ABSTRACT
Down syndrome (DS) is the most common cause of genetically determined intellectual disability in the United
States, affecting approximately 1 in 700 live births and an estimated 300,000 Americans. A close association
between DS and Alzheimer's disease (AD) has been established, and this has become a paramount concern
since improved medical care has led to increased life expectancy, with an average life span close to 60 years of
age. Individuals with DS exhibit AD neuropathological hallmarks including amyloid plaques and neurofibrillary
tangles as early as in their 30s, and the thought is that AD pathology may develop early in life, and therefore
could be the target for neuroprotection therapies. However, little is known about mechanisms for the
development of memory impairment and AD pathology in those with DS.

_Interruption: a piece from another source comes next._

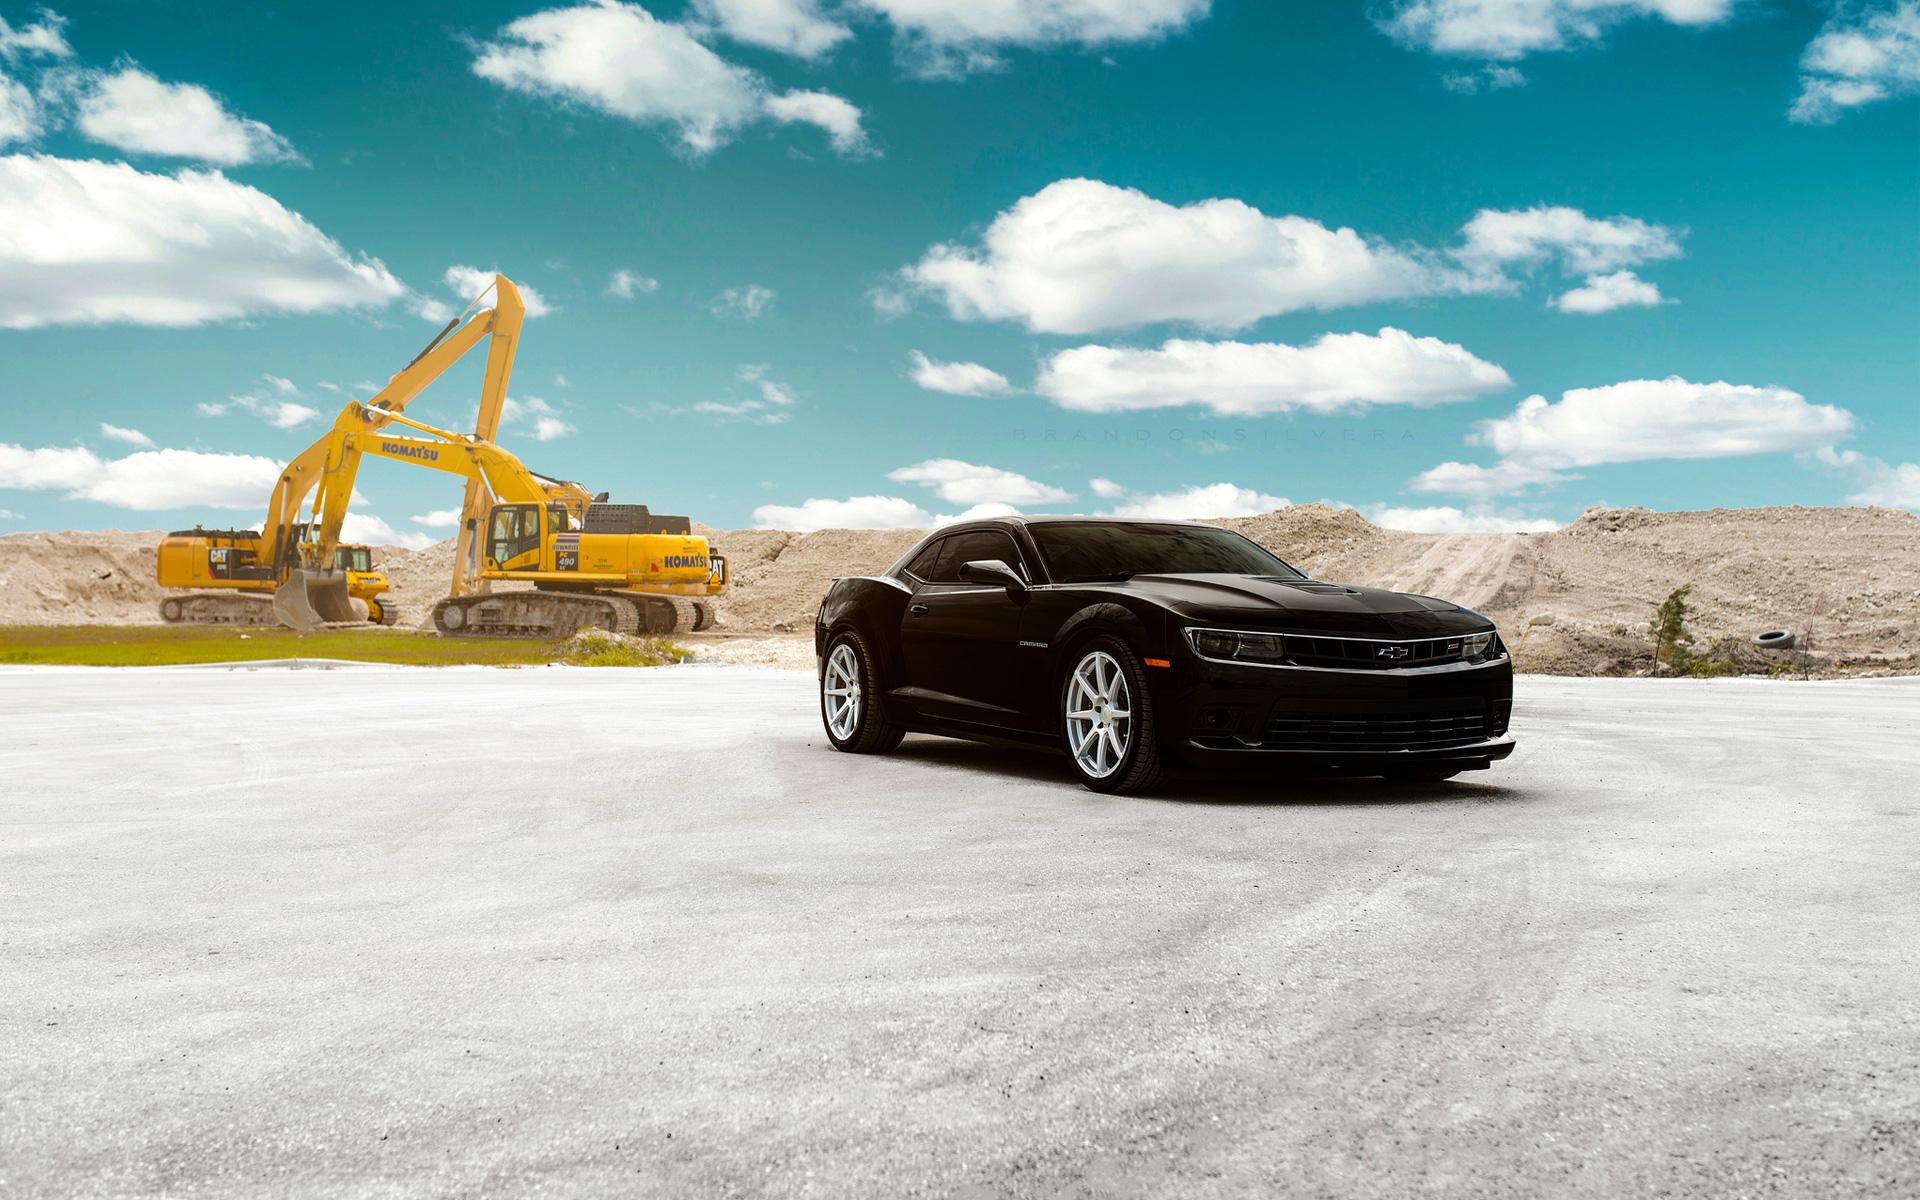 Chevrolet Camaro Ss Velgen Wheels Wallpaper Hd Car Wallpapers Id

Noradrenergic locus coeruleus (LC-NE) neurons degenerate early in AD and in DS-AD, and enhancement of the
NE transmitter system using existing NE-enhancing drugs could lead to novel treatment options for dementia in
DS with AD. In addition, recent studies have shown that the earliest Tau pathology is present in LC-NE neurons
in AD, suggesting an early involvement of AD pathology in this neuronal population. However, specific effects of
LC-NE firing rates and/or NE release in target regions have not been explored to date. Further, LC-NE
innervation regulates glial activity, blood-brain barrier integrity and overall blood flow in the brain. It is possible
that the elevated neuroinflammation and vascular microbleeds observed in humans with DS might be associated
with the LC-NE degeneration, but this has not been examined. We wish to utilize two different mouse models of
DS, Ts65Dn and Dp16 mice, as well as a novel chemogenetic tools, Designer Receptors (DREADDs) and
neuron-derived exosomes to examine the role of LC-NE signaling and Tau seeding originating in the LC for AD
pathology in DS. DREADDs can be used to regulate the activity of discrete neuronal populations in brain. We
have recently shown that excitatory DREADDs injected directly into the LC gave rise to improved cognition in
DS mice, and that inhibitory DREADDs aggravated neuroinflammation and cognitive loss in younger DS mice.
However, biological mechanisms for these effects have not yet been explored. The overall hypothesis for this
research program is that LC-NE loss of activity contributes to neuropathology, vascular changes and memory
loss in DS. We propose to utilize novel technology, DREADDs, to “turn on” and “turn off” LC-NE firing rates and
explore effects of this on NE release, cognitive performance, and glial activation in the hippocampus (Aim 1).
Further, we will explore whether turning off LC-NE firing using DREADD technology alters BBB permeability and
vascular morphology in DS mice (Aim 2). Finally, we will utilize neuron-derived exosomes from DS, DS-AD, or
controls injected directly into the LC-NE area in DS mice to examine effects of tangle formation on LC-NE firing
rates, NE release in the hippocampus, and spread of Tau pathology to other brain regions (Aim 3).